▸ **EXERCISE AIM**
In the data below, the copy begins at the line containing "Council Rock South’s" and runs through the last line; repeat those lines exactly, minus the pictures.

▸ **COLLECTED MATERIAL**
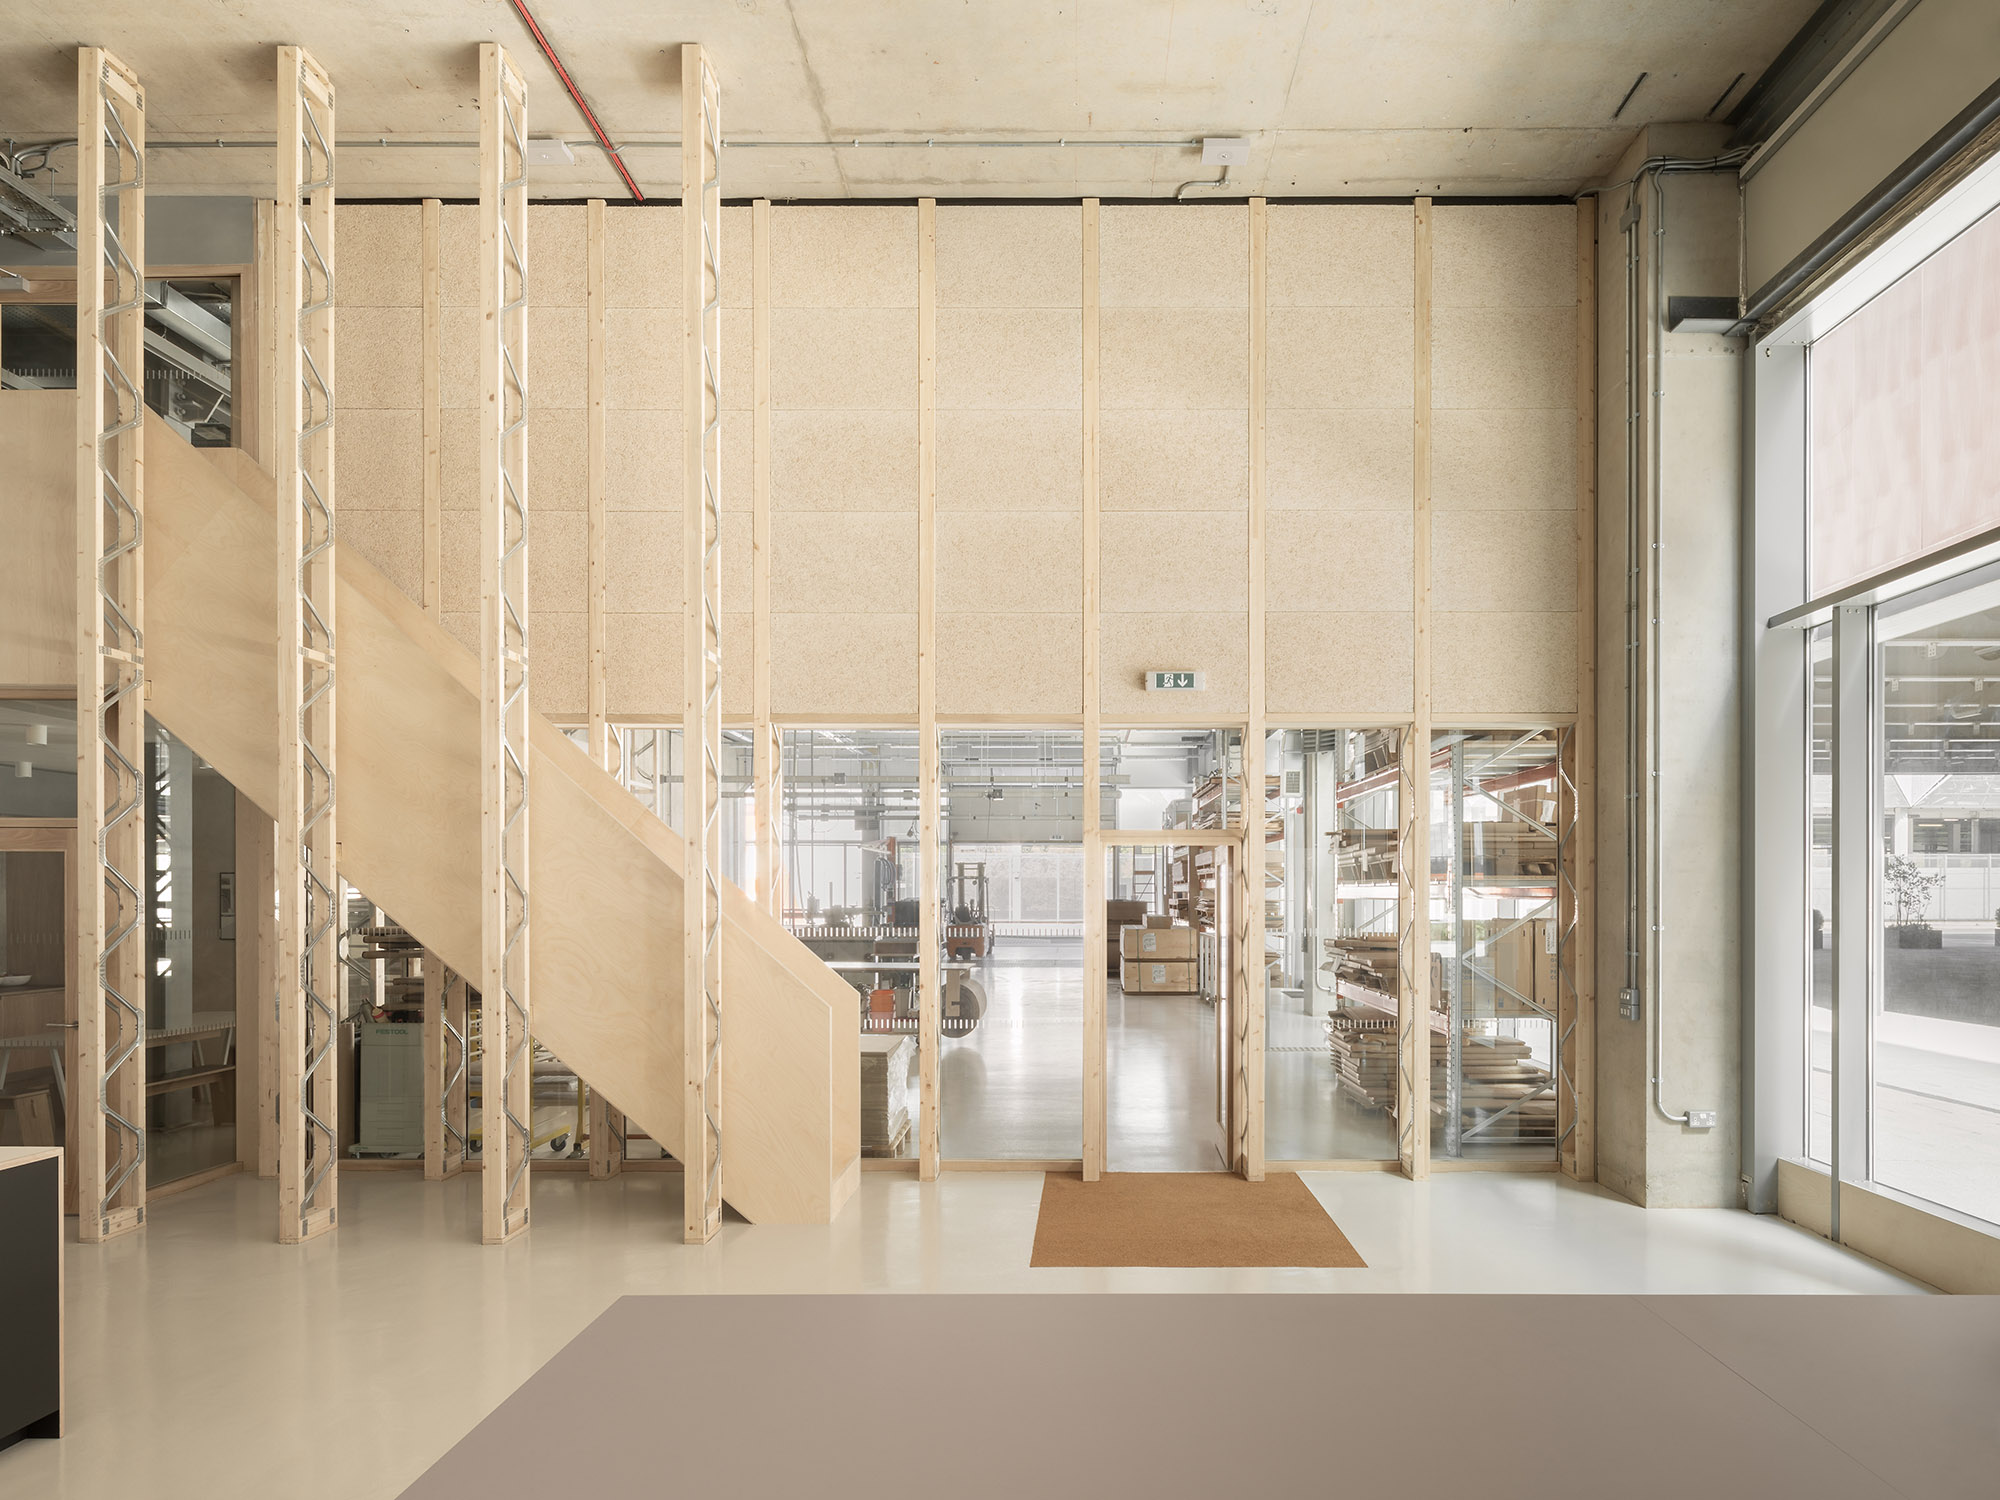 Erbar Mattes Architects Here East Stratford Hackney Plykea workshop showroom office refurbishment retrofit interior fit out timber studwork open web joists wood wool boards
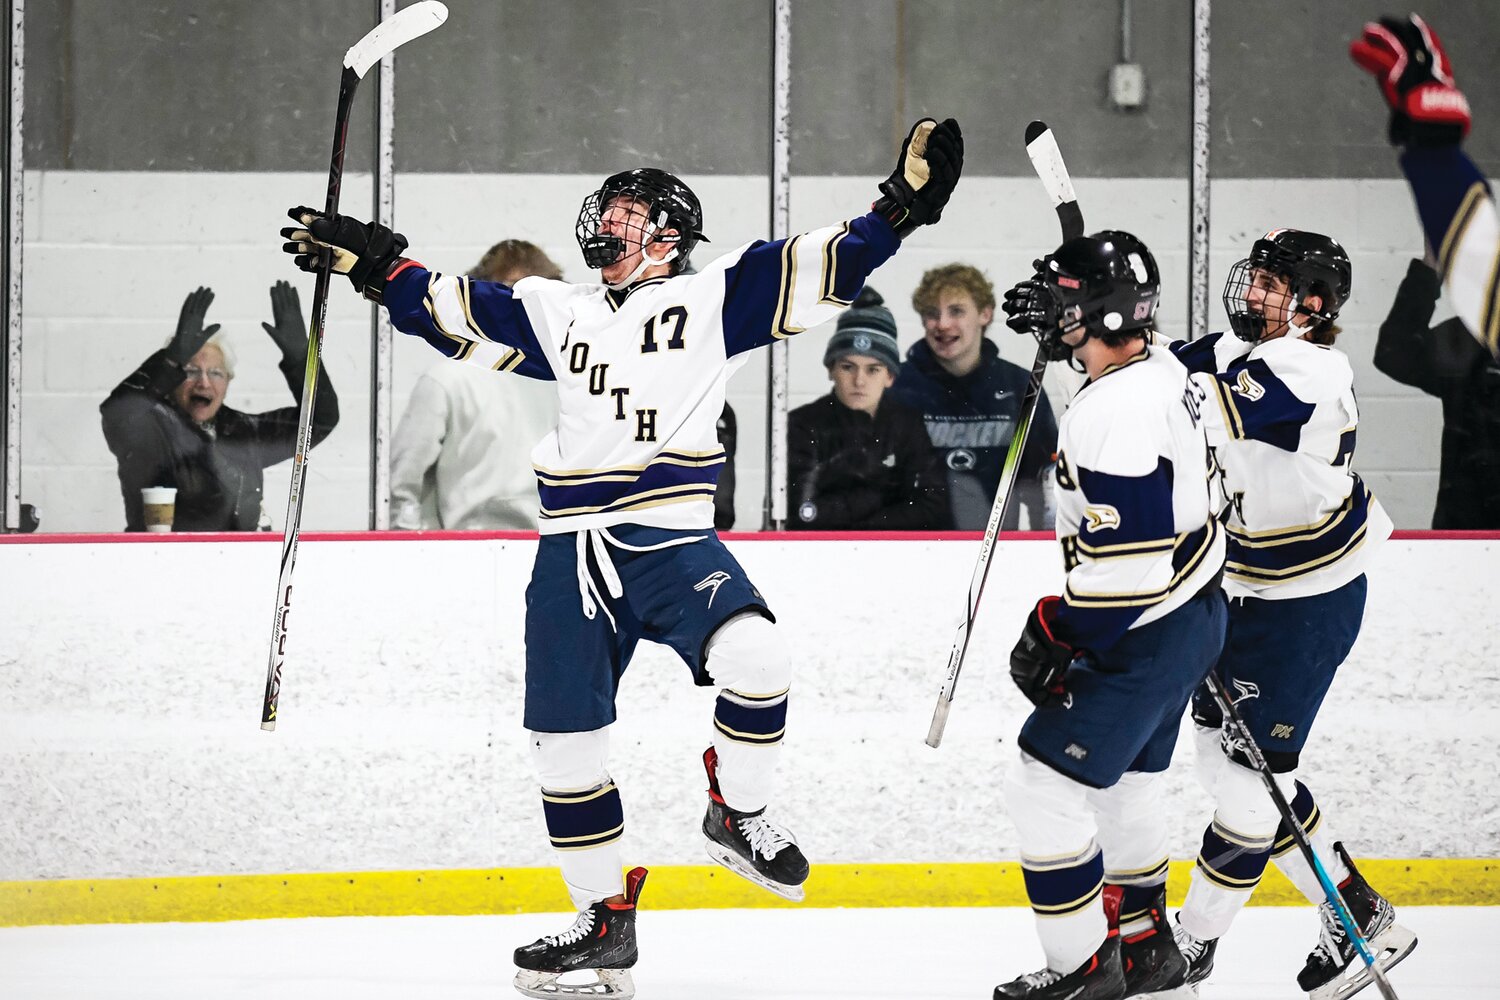 Council Rock South’s Gavin Nisenzon celebrates after his second period goal.
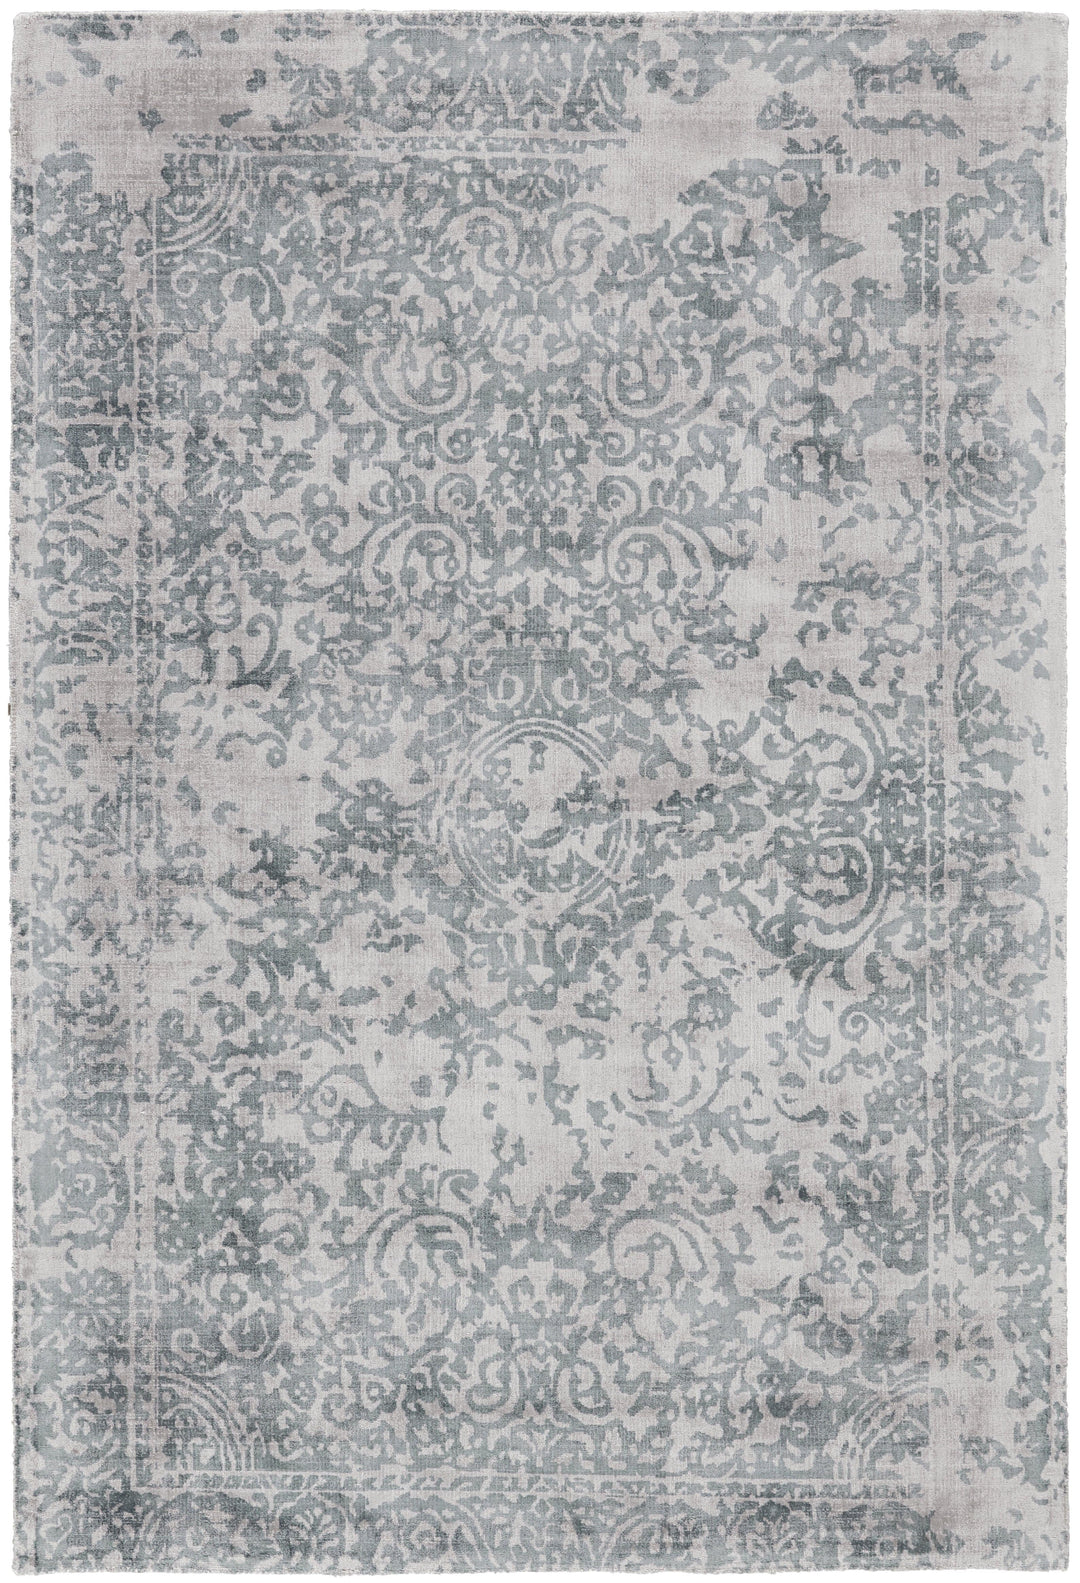 Feizy Feizy Nadia Distressed Damask Rug - Available in 4 Sizes - Blue & Gray Mist 3'-6" x 5'-6" 6678383FICE000C50

▸ **SOLVED PROBLEM**
 Council Rock South’s Gavin Nisenzon celebrates after his second period goal.
 Feizy Feizy Nadia Distressed Damask Rug - Available in 4 Sizes - Blue & Gray Mist 3'-6" x 5'-6" 6678383FICE000C50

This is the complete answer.